Support may include:
-
Orientation before the start of the course
-
Access to online learning materials
-
Guidance from trainers or lecturers
-
Workshop-based academic discussion
-
Assignment instructions and feedback
-
Administrative support for registration and documents
-
Technical support for online access, where available
-
General guidance regarding learning activities and final evaluation preparation
Students are encouraged to communicate with the program team if they need clarification, guidance, or support during their studies.
Code of Conduct
All participants are expected to behave professionally and respectfully.
Participants should:
-
Respect trainers, staff, and other learners
-
Communicate politely during online and metaverse sessions
-
Avoid disruptive behavior
-
Respect different educational, professional, and cultural backgrounds
-
Follow academic honesty rules
-
Use online and virtual platforms responsibly
-
Keep shared materials confidential where required
-
Respect privacy, confidentiality, and ethical principles in simulated legal, policy, and governance activities
Professional behavior is especially important in law, policy, governance, diplomacy, commercial space, AI, and applied technology fields, where responsibility, accuracy, confidentiality, fairness, teamwork, documentation, and communication are essential.
Academic Integrity
Participants must submit their own work and must not copy from other learners, websites, books, artificial intelligence tools, or other sources without proper acknowledgement.
Academic misconduct may include:
-
Plagiarism
-
Submitting copied work
-
Using another person’s work as your own
-
Fabricating information
-
Misusing artificial intelligence tools
-
Providing false documents
-
Cheating in assessments
-
Misrepresenting legal, academic, technical, or professional experience
Academic integrity supports trust, fairness, and professional development.
Assessment
Assessment may include participation, metaverse session contribution, short assignments, reflective tasks, case discussions, simulated moot court or policy activities, final project presentation, or a final evaluation activity, depending on the delivery arrangement.
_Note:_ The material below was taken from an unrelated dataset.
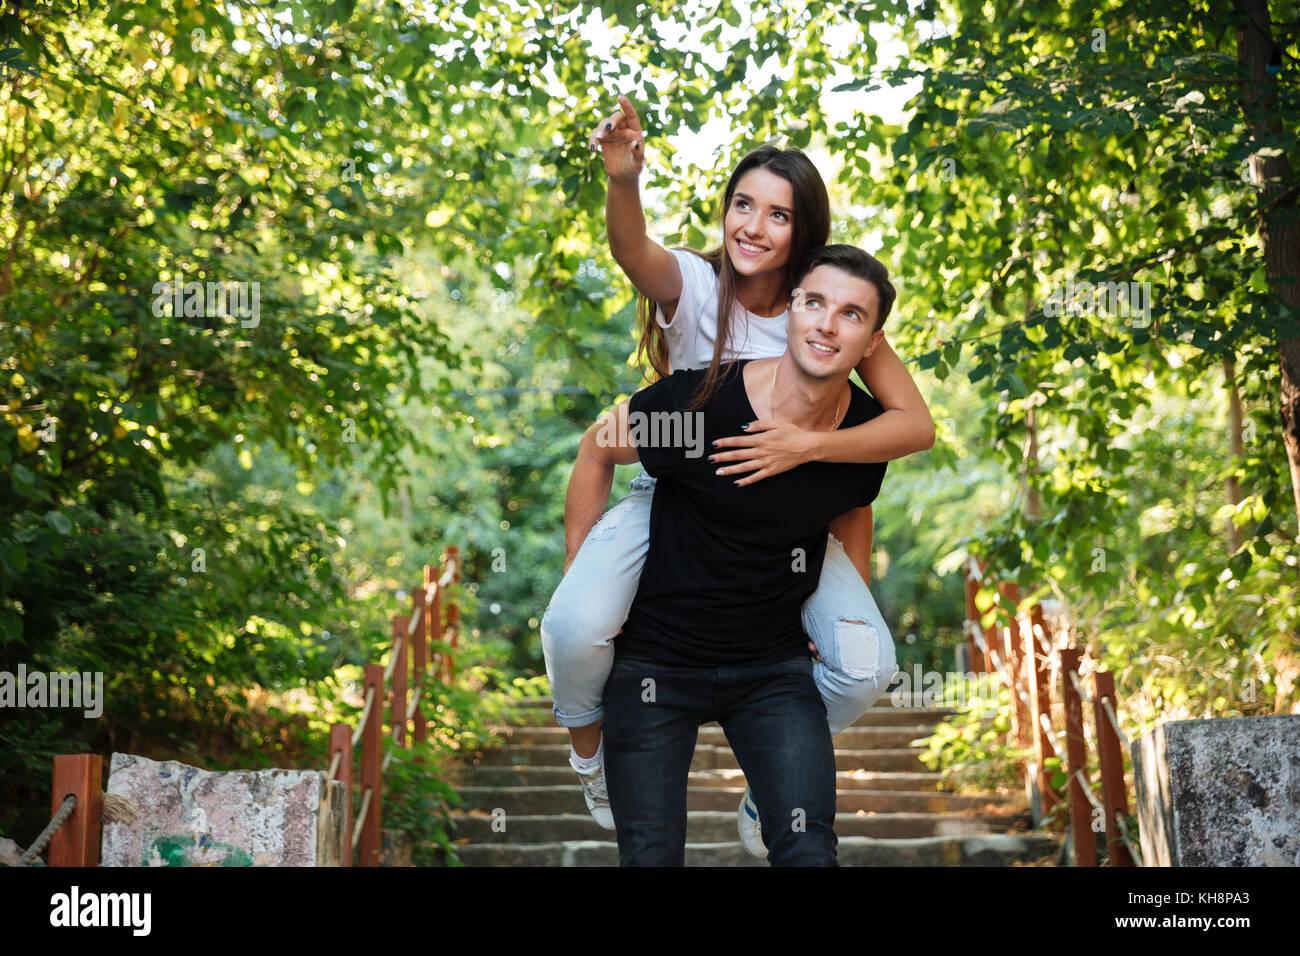 Junge glücklich Paar beim piggyback Ride im Park im Freien, lächelnde Frau Zeigefinger entfernt Stockbild

The final stage of the program may include review, discussion, reflection, and a final assessment or evaluation activity.
Certificate / Diploma Awarded
Participants who successfully complete the program requirements may receive a:
Training Diploma in Space Law
Tuition Fees
The following mandatory fees apply:
Application Fee: EUR 300
Course Fee: EUR 4,000
AQC 12%: EUR 480
Exam administration fee: EUR 110
E-Certificate Fee: EUR 100
Total estimated fee: EUR 4,990
Online payment: Additional 4%
Optional Services and Training
Optional services and training may be available for an additional fee, including:
• Printed certificate, available upon request for additional fee
• Legalization services, available upon request for additional fee
• Courier delivery, where available
• Additional document services
• Specialized simulation or practical training opportunities, subject to availability
• Extra academic or administrative services
• Individual evaluation or sessions
Optional services are not included in the standard mandatory fee package unless specifically stated in writing.
Career Opportunities
This diploma may support participants who wish to explore future opportunities in space law, space policy, regulatory affairs, international law, commercial space activity, AI governance, metaverse governance, environmental protection, legal research, or related fields.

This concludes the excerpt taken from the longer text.